What you will do: Find the line below with "Moscow, Russia, March" and the line with "Group of laughing". Output them and the lines between, exactly, but not the pictures.

-- The input follows --

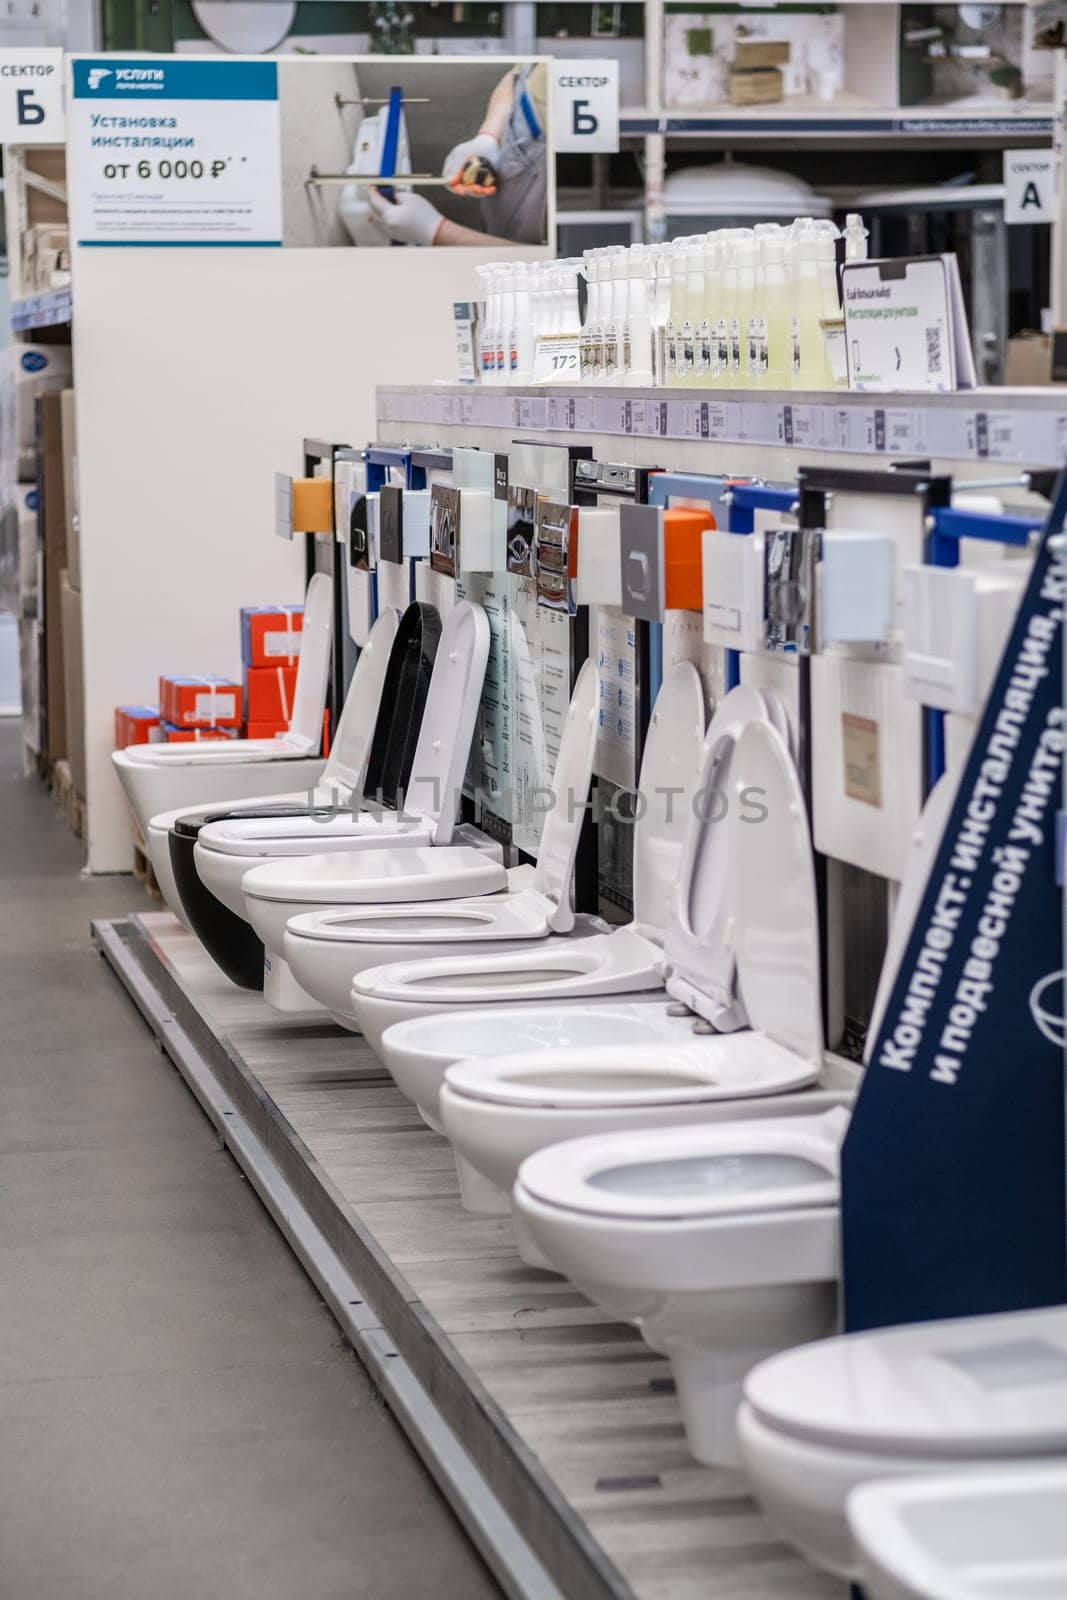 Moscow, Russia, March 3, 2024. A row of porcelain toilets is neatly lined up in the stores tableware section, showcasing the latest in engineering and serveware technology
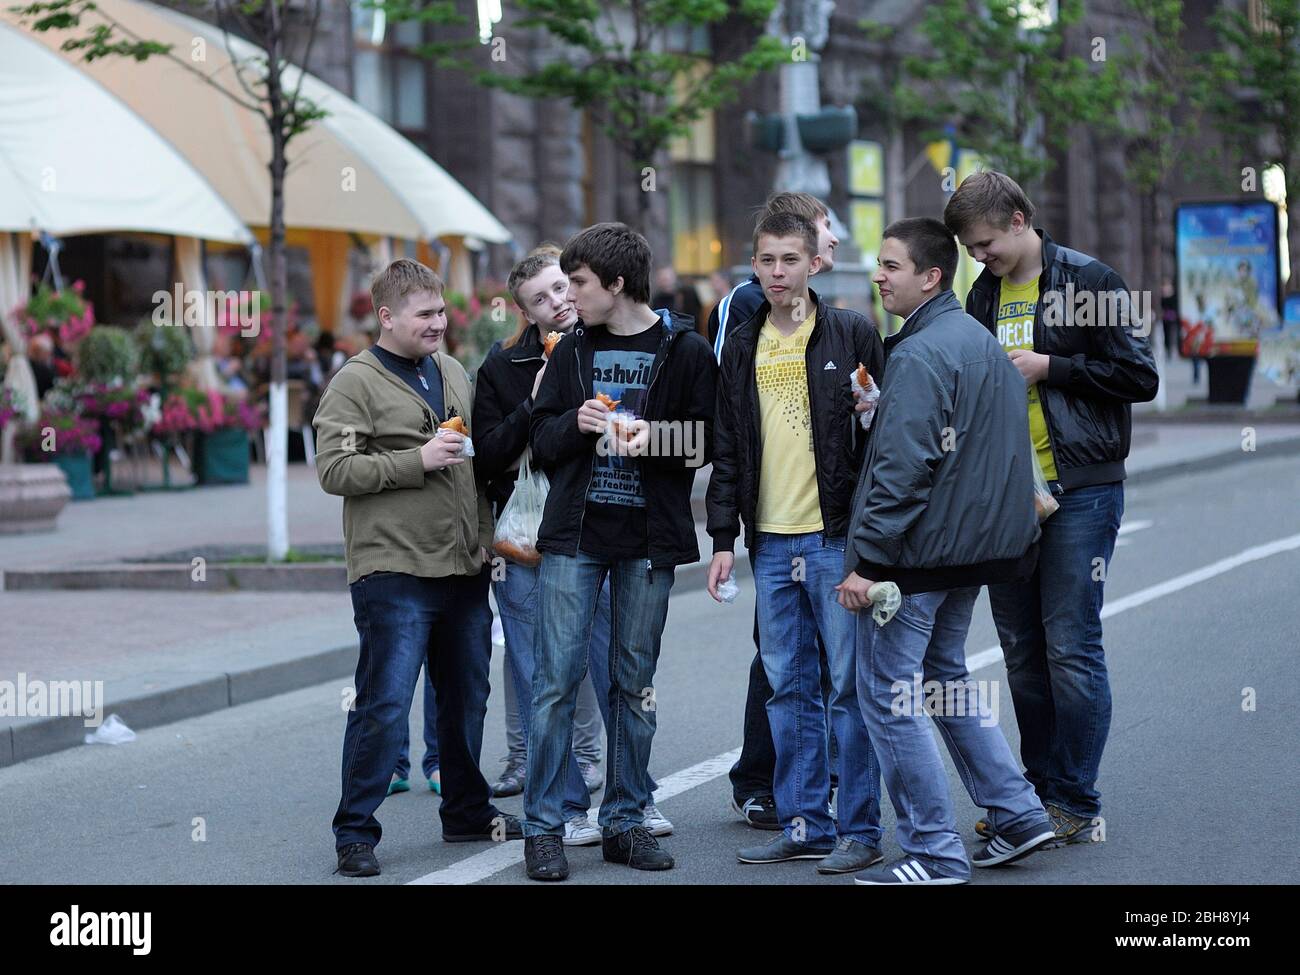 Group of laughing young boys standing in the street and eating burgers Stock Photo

-- The input concluded --
-- The input follows --

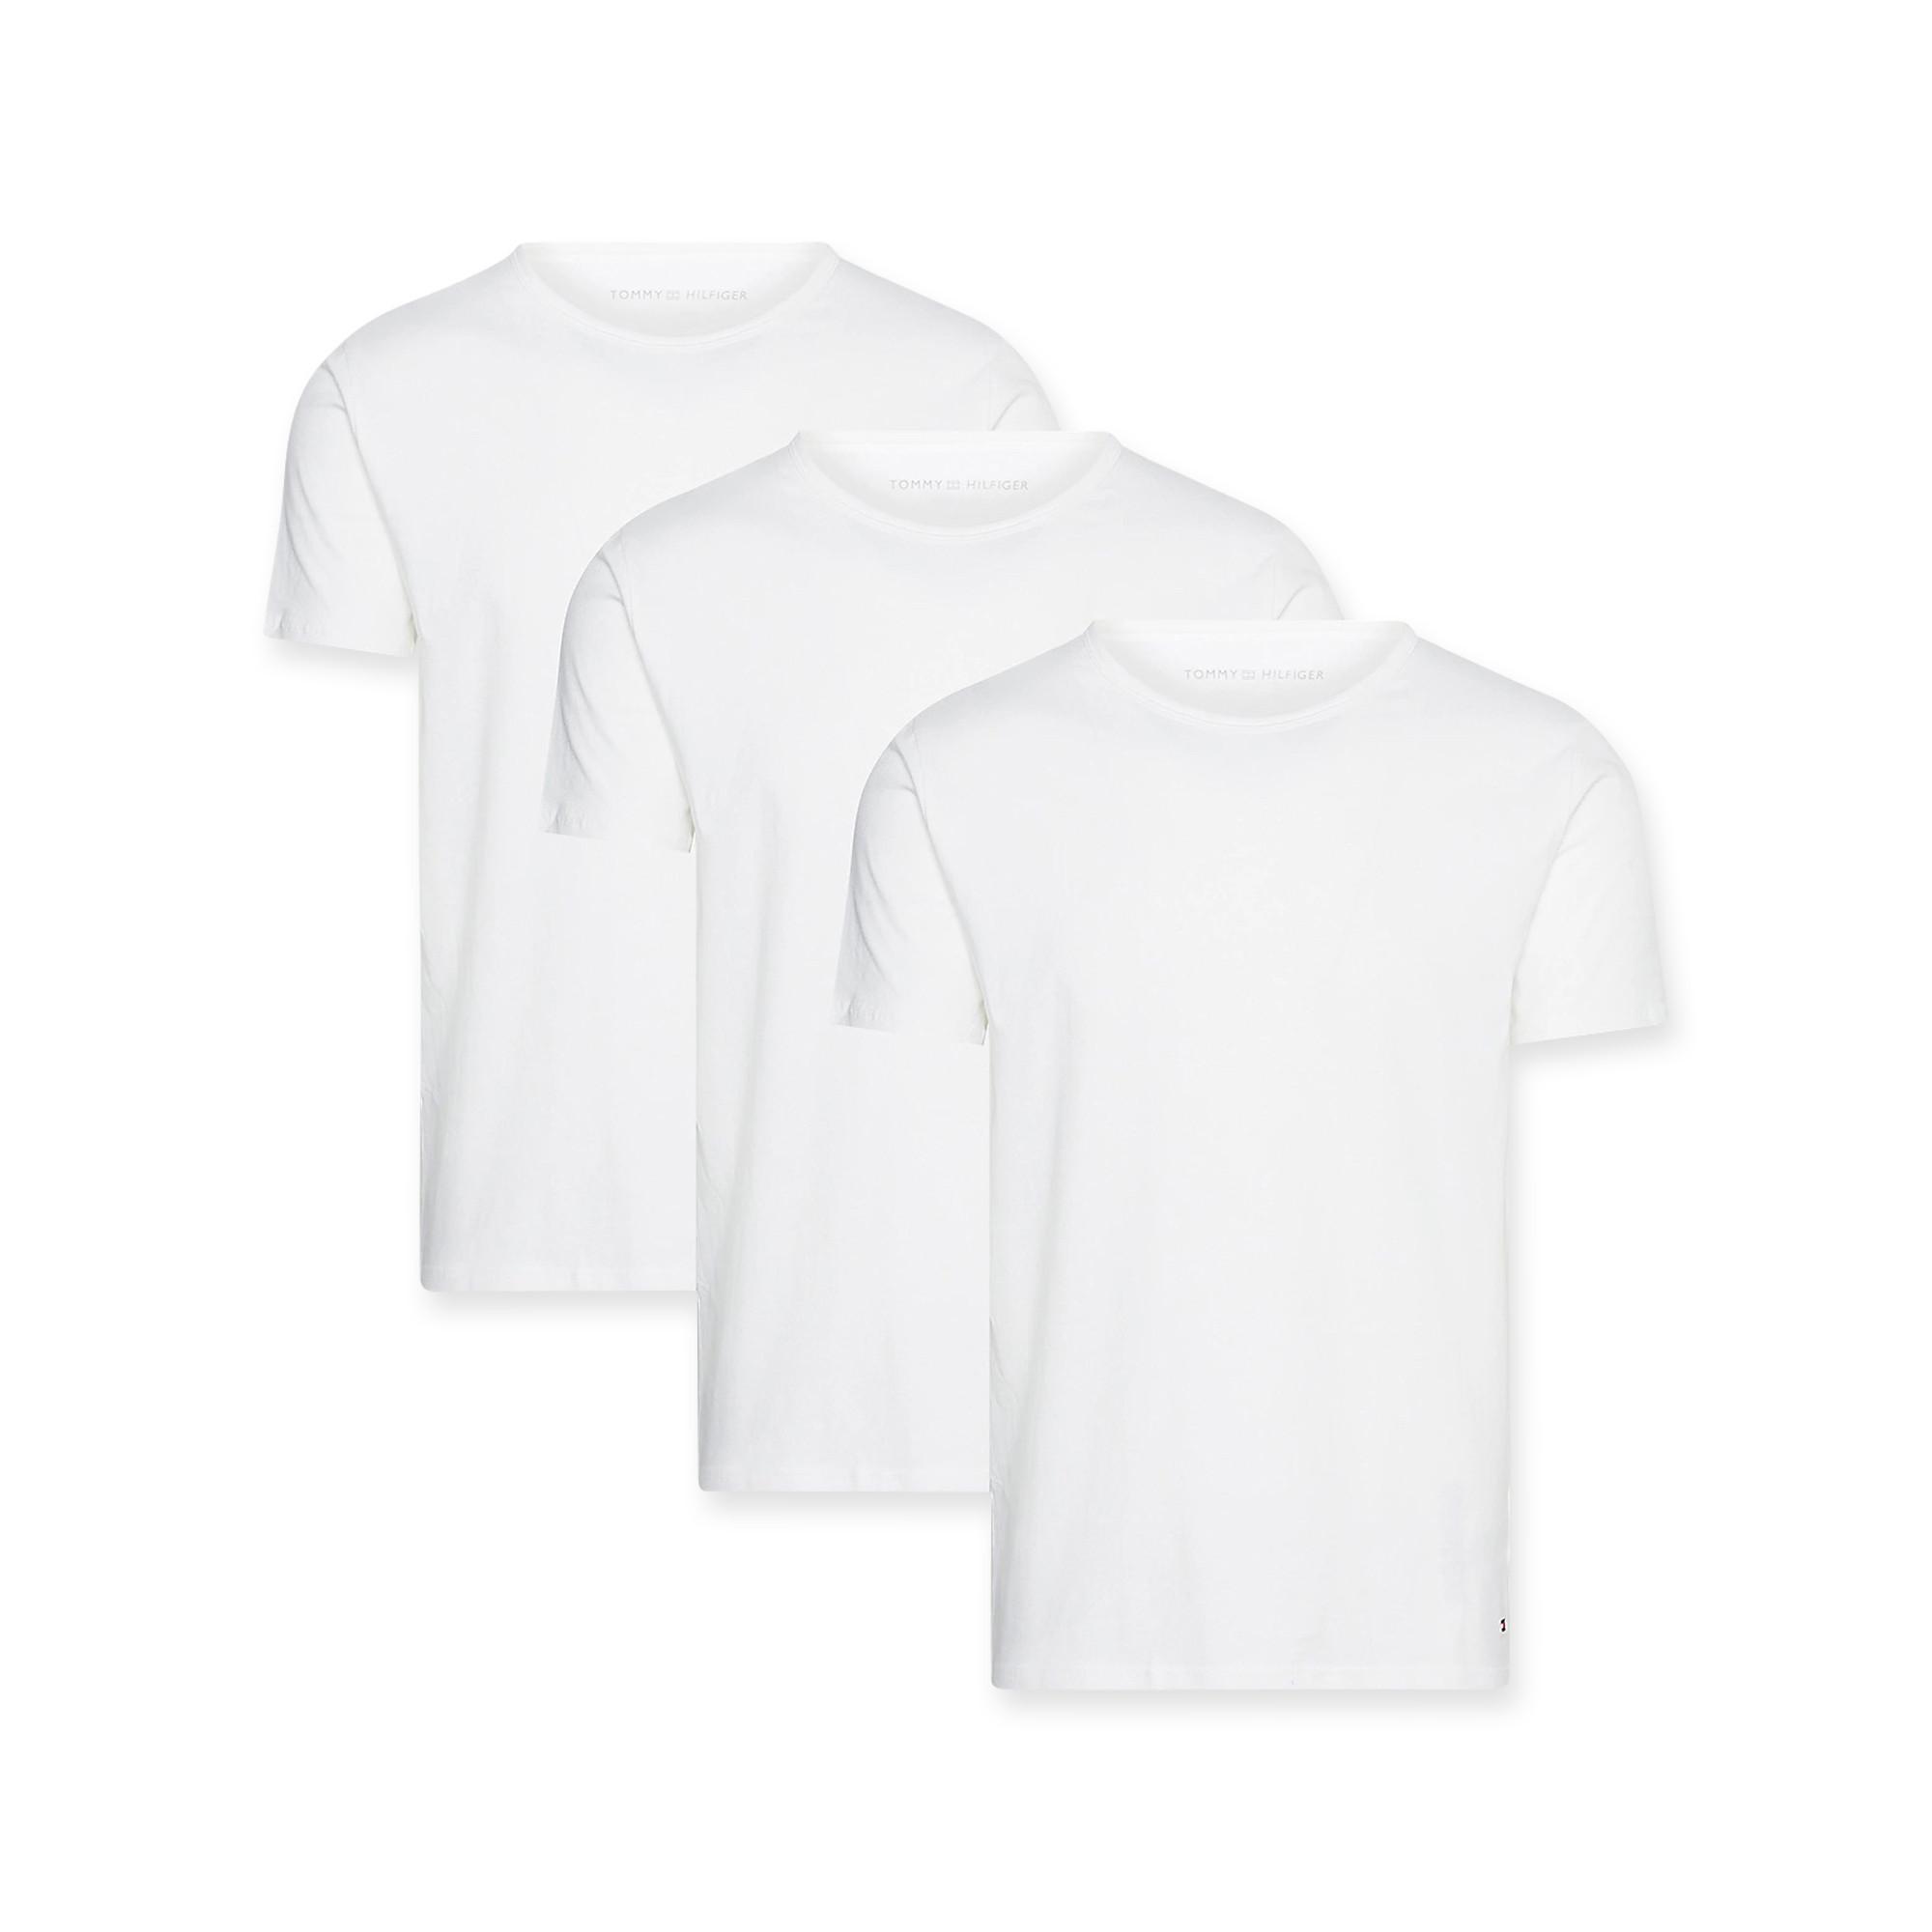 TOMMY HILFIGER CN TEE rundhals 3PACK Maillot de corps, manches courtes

-- The input concluded --
-- The input follows --

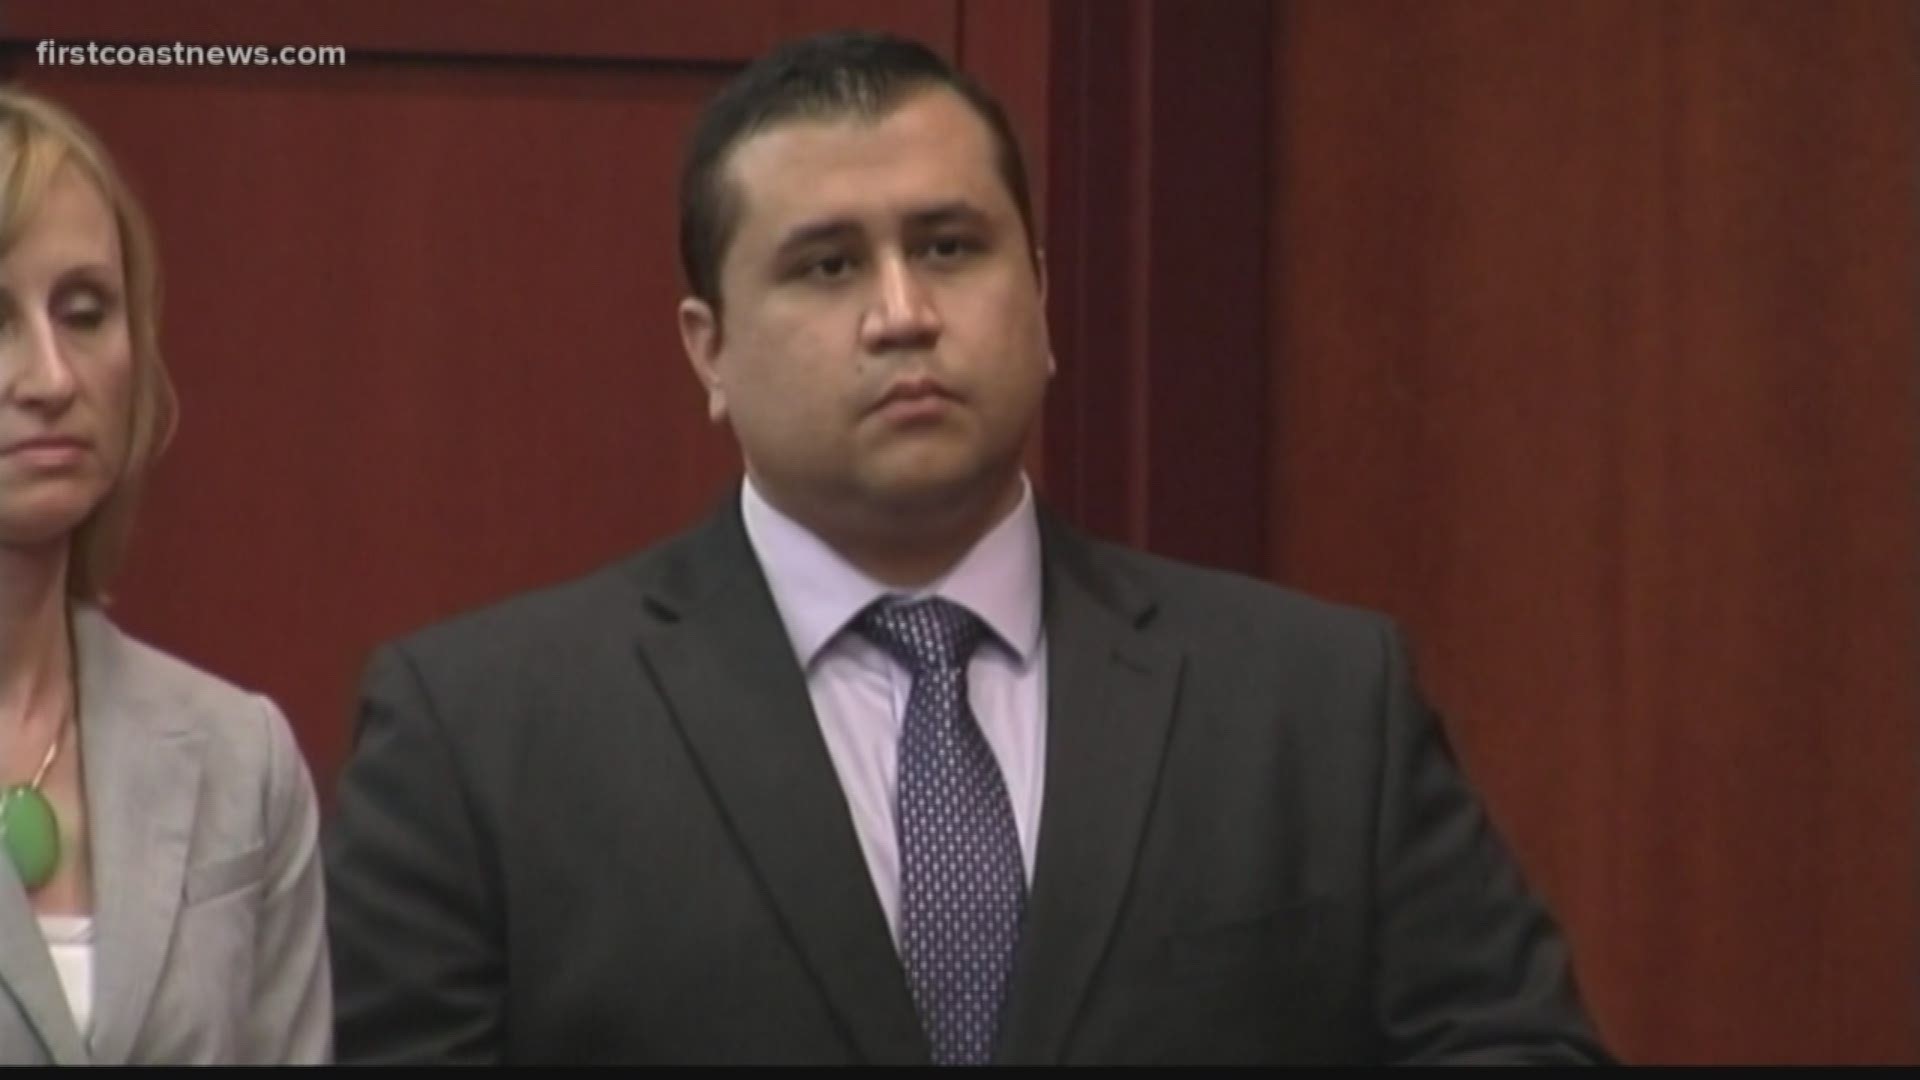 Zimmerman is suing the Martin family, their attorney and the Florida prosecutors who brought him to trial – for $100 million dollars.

-- The input concluded --

Answer section:
 Moscow, Russia, March 3, 2024. A row of porcelain toilets is neatly lined up in the stores tableware section, showcasing the latest in engineering and serveware technology
 Group of laughing young boys standing in the street and eating burgers Stock Photo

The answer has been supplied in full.